In the first volume of his four-volume set of criticism, Sheer Fiction (1987), Paul West has an essay titled “In Defense of Purple Prose,” and in it he says:
“Certain producers of plain prose, however, have conned the reading public into believing that only in prose plain, humdrum, or flat, can you articulate the mind of inarticulate ordinary Joe. Even to begin to do that, you need to be more articulate than Joe, or you might as well tape-record him and leave it at that. This essentially minimalist vogue depends on the premise that only an almost invisible style can be sincere, honest, moving, sensitive, and so forth, whereas prose that draws attention to itself by being revved up, ample, intense, incandescent or flamboyant, turns its back on something almost holy, and that is the human bond with ordinariness. . . . Surely the passion for the plain, the homespun, the banal, is itself a form of betrayal, a refusal to look honestly at a complex universe, a get-poor-quick attitude that wraps up everything in simplistic formulas never to be inspected for veracity or point. Got up as a cry from the heart, it’s really an excuse for dull and mindless writing, larded over with the speciously democratic myth that says this is how most folks are. Well, most folks are lazy, especially when confronted with a book, and some writers are lazy too, writing in the same anonymous style as everyone else. How many prose writers can you identify from their style?”
Based on this first book of fiction pieces by A.D. Jameson, I can say that though I think he could write like a realist, he has greater ambitions than devising a plot (though now and then one pops up) or developing a character you could care about. In fact, it would go against everything in the mood and nature of Amazing Adult Fantasy if a reader invested himself in what happens to the swirls of black on white that make up Ota Benga, Melissa, Nok Yai, and other figures. The opening piece, “Fiction,” occupies only one page but promises much, while addressing certain illusions we might have about what fiction ought to offer: “Fiction may be the worst thing about the 21st Century. Nobody likes it. Everyone has better things to do than pretend to care about who does what to whom, considering that these people aren’t even real. You think we would have learned our lesson after the 1800s, definitely after the 1900s.” This concludes with: “It’s no shame that this book was lost soon afterwards in [a fire]. Still, everyone was terribly disappointed.” What will his magically recovered version of fiction contain, then, if what appeared in two hundred years of creative writing is left out? Not real people (or not precisely, as we’ll see), not rounded characters, little plot, no dramatic arc; instead, we’re given style and the kind of playfulness one feels in Raymond Queneau’s The Sunday of Life. No wonder people were disappointed.

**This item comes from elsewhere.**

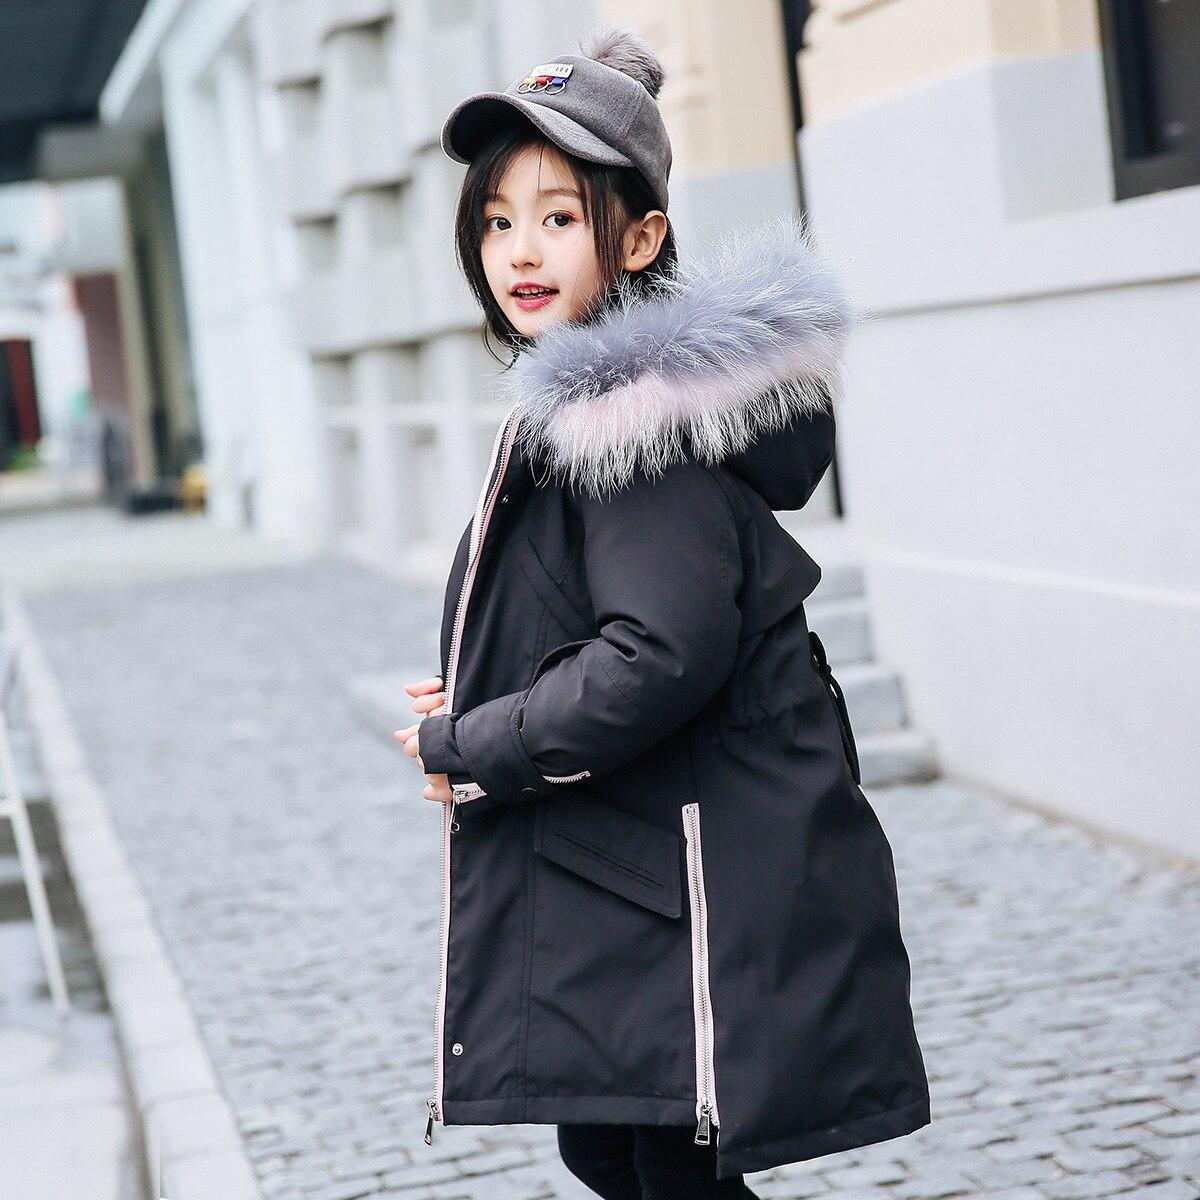 2019 Teenage Children's Girl Down Jacket Fashion Girl's Long Winter Warm Outdoor Thick Jacket Girl  Windproof Coat Snowsuits

There are 16 short pieces (some are job ads for waste extraction workers, others summarize a television series), and a seven-part sequence titled The Solar Stories. A good example of Jameson’s extravagant prose can be found in “Rock Albany!,” the fifth of the Solar Stories:
“Rock laughed and shook his head, then dove into the lake far below. He swam easily to the far shore, where he dressed, then strolled down a path. He walked swiftly, with a loose, lazy expertness of motion. He walked down the long road on the sun, the sun’s only road. The sun was his home. He had lived there for seventeen years. Most men would die if they tried to live on the sun. They would burn up at once. Rock laughed at this thought. He found the sun charming. The sun, he thought, has been waiting here just for me. Waiting to be ripped apart by my dynamite and drill. Waiting for the new shape my hands will give it. He would paint it pigeon blue. He would install a Pekinese buttress. He would hand-raise pudgy canaries. Rock liked canaries.” [italics Jameson’s]
It’s clear that we are far removed from fidelity to the world, from colorlessness, and from parsimoniousness imagery. We stop at one word in particular: if “most” men would burn up on the sun, then not all will, allowing an impossibility to be possible for a moment. Or forever, since multiple readings will allow us, theoretically, to entertain that conceit eternally. Both the possible impossibility, or impossible possibility, and its longevity, are qualities found in fantasy, myths, legends, and tall tales. Rock could be the Paul Bunyan of Sol. What we also see here is the cruelty we associate with gods, demi-gods, and those touched, or afflicted, by the gods. Rock has no second thoughts about dynamiting, pillaging, defacing, and remaking the sun.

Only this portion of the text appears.